# Overnight on The Silver Comet



## atlchris

I am just getting into road riding, but I am already planning to do an overnight ~200 mile ride on the entire length of The Silver Comet trail from Smyrna GA to the GA/AL border.

Has anyone made this trip before? I am looking for recommendations on rest stops and camping locations along the trail. I live at the trail head in Smyrna, so I will be leaving from my house and starting at mile marker 0.


----------



## gp3d

From Smyrna to the GA/AL line is ~62 miles, then another 33 miles on the Chief Ladiga Trail to just inside the Anniston, AL city limits. I rode all of the Chief Ladiga from Anniston to the GA line and back last April. It's a nice ride with the best part being from Piedmont, AL to the state line. Jacksonville, AL is in the middle and is a small university town with a nice atmosphere to it. The start/end in Anniston is kinda outside of town but only about 1-2 miles from shopping, restaurants, and 2 motels, though I'd rather stay in Jacksonville which I did last spring.

As for camping, there is a basic campground on the Silver Comet possibly between Cedartown and Rockmart, I think. Saw it in some YouTube video. In AL, there's the Chief Ladiga Campground maybe 5-7 miles from the state line.Chief Ladiga Trail Campground. I'm not aware of other campgrounds but I do not live in that area, there certainly could be some.


----------



## pigpen

I have ridden the Comet and Ladiga many times.
The last time I rode it was from Smyrna to JSU. Family was visiting Atlanta so I rode home.

Rockmart is a nice little town with a little Italian restraunt that really likes cyclist. The restraunt use to be a bike shop too. If you grab something to eat they will fill your bottles with ice and water.
Really good people. Be sure to sign the wall.

The section between Rockmart and Cedartown has some really steep climbs. 
I was doing a shake down ride for an up coming tour so I aslo had my camping gear. I had to walk up two of them. 

The train depot at Cedartown is a nice break prior to the final section to the state line.

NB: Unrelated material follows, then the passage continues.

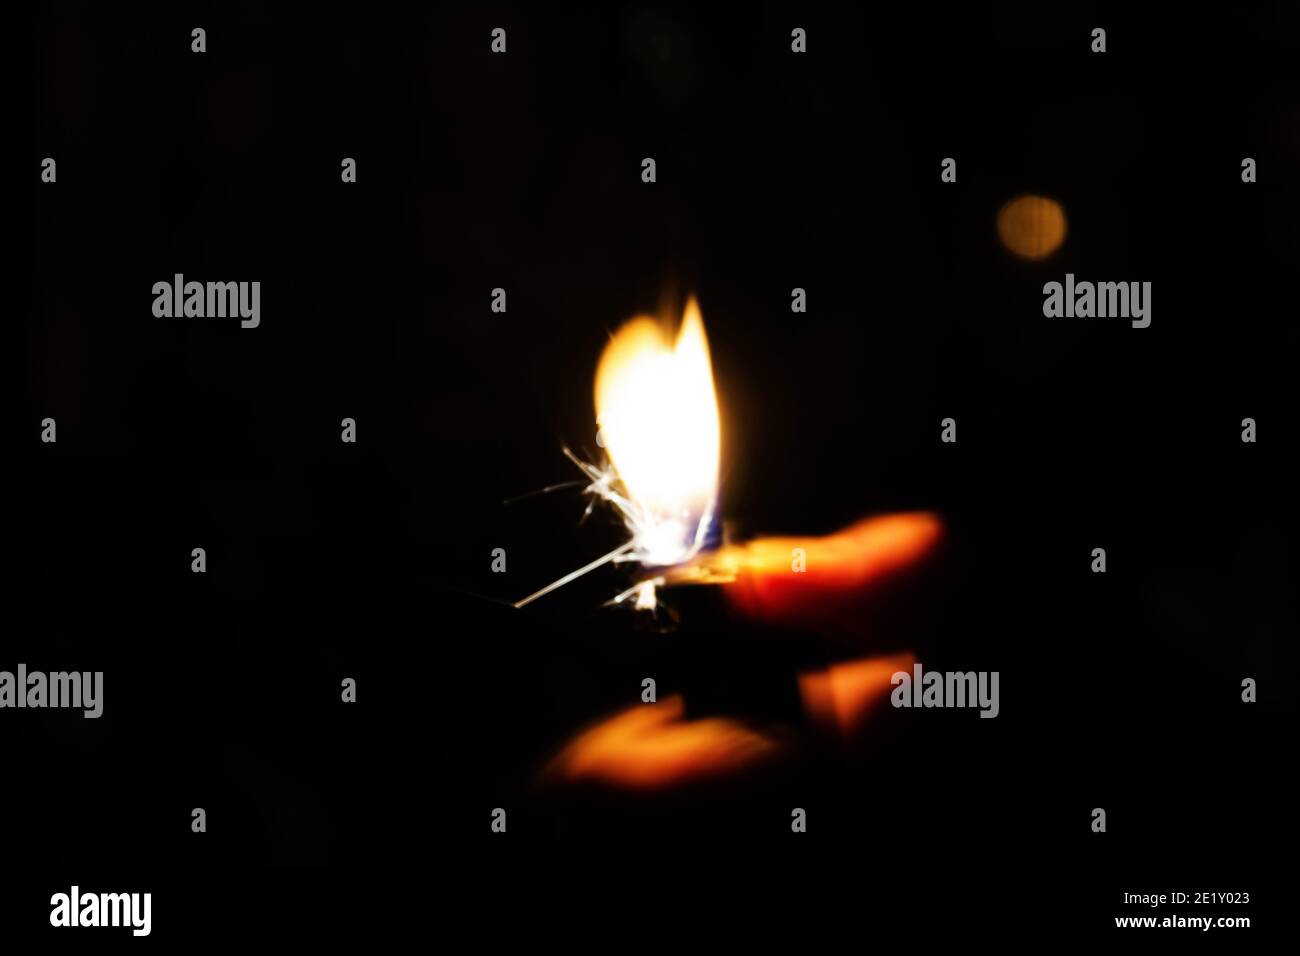 Une femme allume un briquet dans une pièce sombre. Photo conceptuelle et créative avec effet longue exposition. Banque D'Images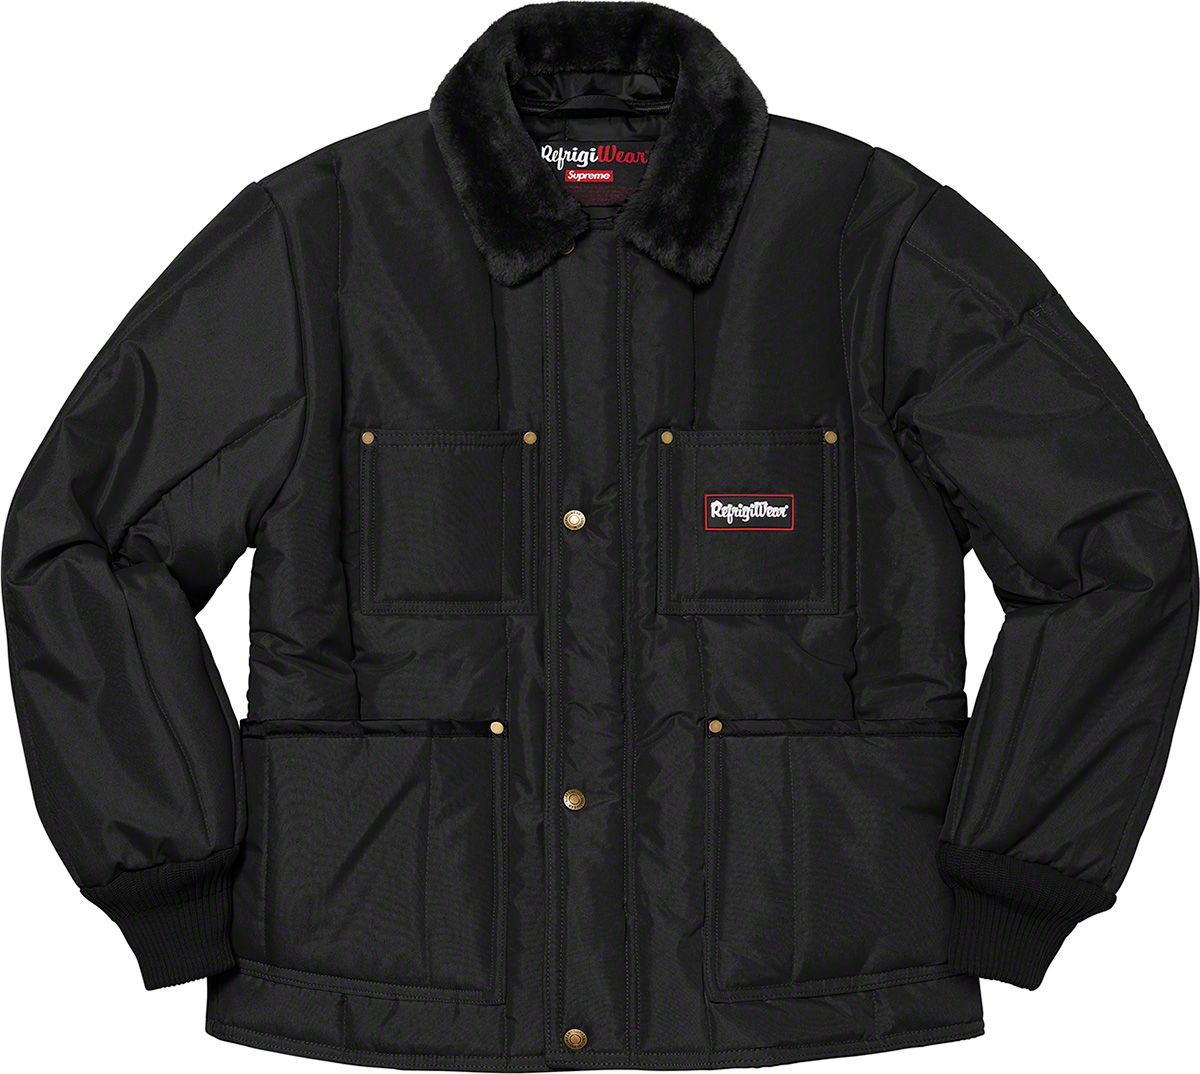 Supreme®/RefrigiWear® Insulated Iron-Tuff Vest - Fall/Winter 2020

There are a few campgrounds along the Comet.
Camping « TrailExpress.com – Recreational Trail News, Information and Maps

One just on the other side of the state line in Alabama as mentioned above.
This one my be your best bet unless you want to stay in Rockmart (Camp Comet).
The attachement says not to camp there alone. Why I have no idea.

Have fun.


----------



## tconrady

I thought I saw where the campground between Rockmart and Cedartown was closed when I went by there a couple months ago. Just something to keep in mind if you were planning on camping.


----------



## atlchris

Thank you for the tips. I am hoping to ride the entire length (both trails) sometime this fall.


----------